Study material START

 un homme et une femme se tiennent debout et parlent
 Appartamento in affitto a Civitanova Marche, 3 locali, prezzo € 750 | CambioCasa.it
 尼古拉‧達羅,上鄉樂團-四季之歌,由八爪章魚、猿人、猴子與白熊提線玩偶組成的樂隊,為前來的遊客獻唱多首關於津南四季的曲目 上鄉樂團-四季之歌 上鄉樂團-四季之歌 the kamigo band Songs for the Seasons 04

Study material END
Study material START

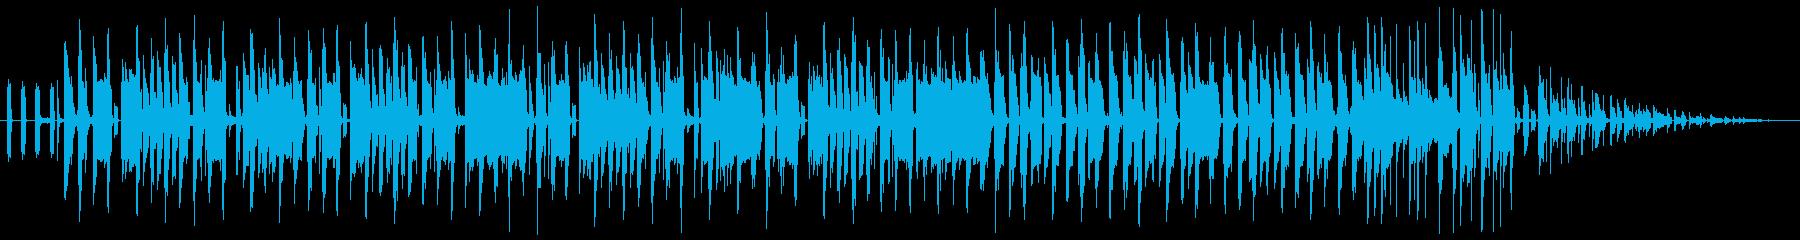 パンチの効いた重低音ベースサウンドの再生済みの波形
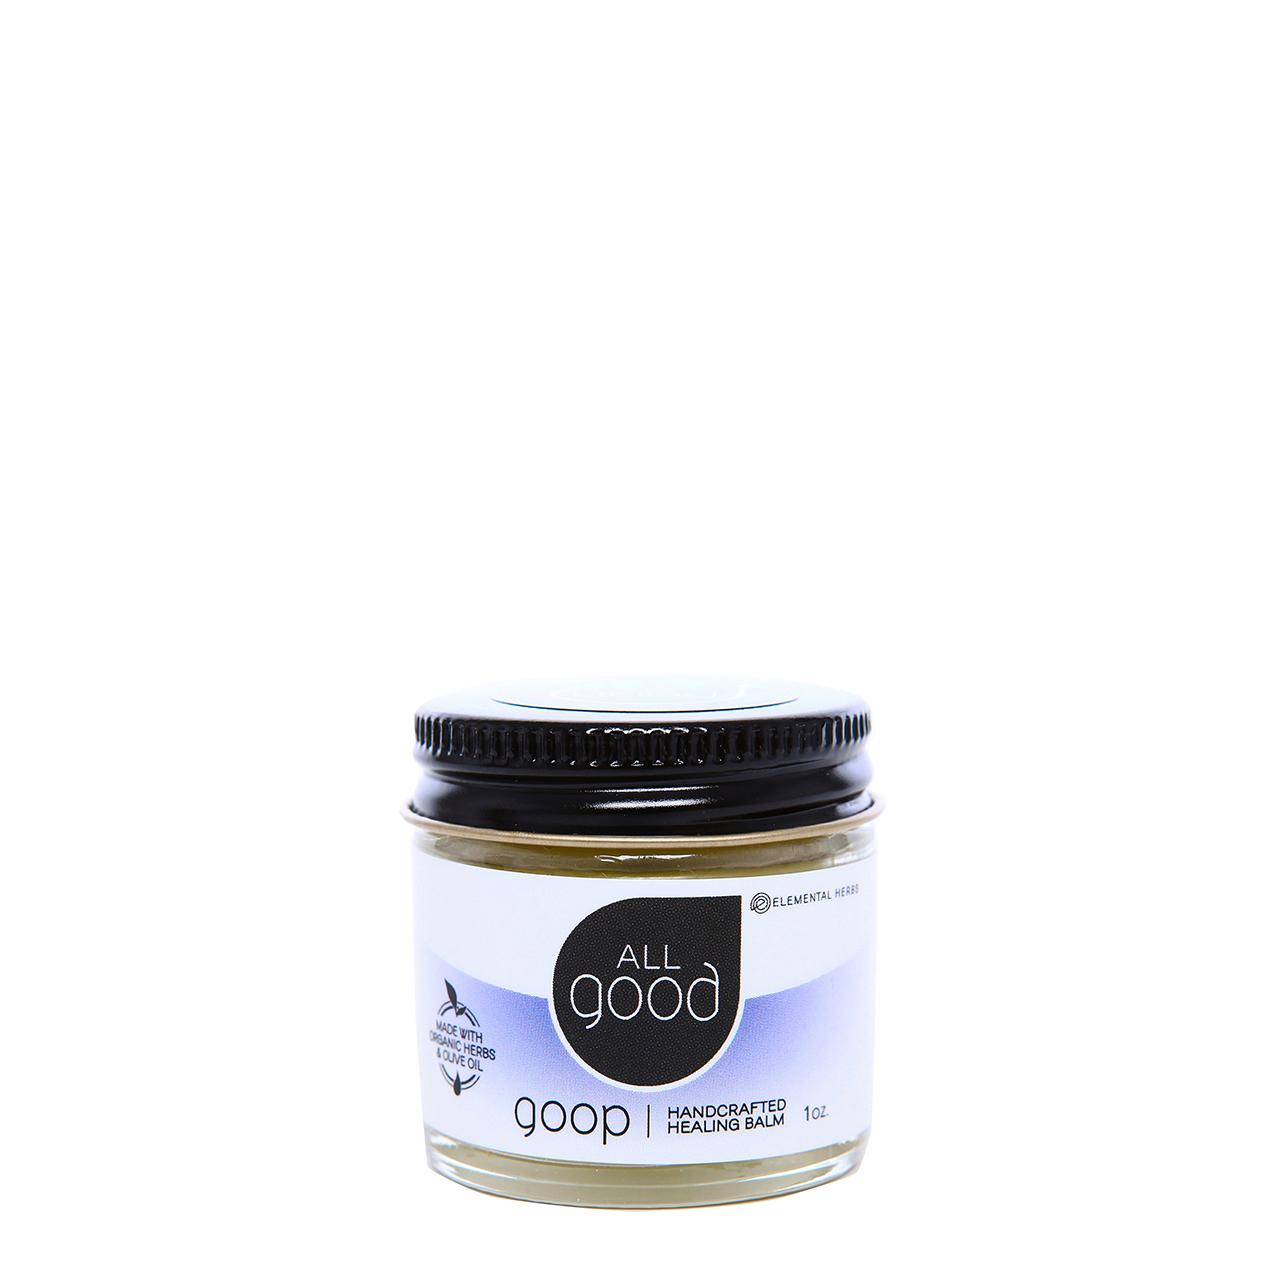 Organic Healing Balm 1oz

Study material END

◆ **Work request**:
Look above for the line holding "Appartamento in affitto" and the line holding "the Seasons 04". Retype both, and every line between them, word for word and nothing else.

◆ **Result of the exercise**:
 Appartamento in affitto a Civitanova Marche, 3 locali, prezzo € 750 | CambioCasa.it
 尼古拉‧達羅,上鄉樂團-四季之歌,由八爪章魚、猿人、猴子與白熊提線玩偶組成的樂隊,為前來的遊客獻唱多首關於津南四季的曲目 上鄉樂團-四季之歌 上鄉樂團-四季之歌 the kamigo band Songs for the Seasons 04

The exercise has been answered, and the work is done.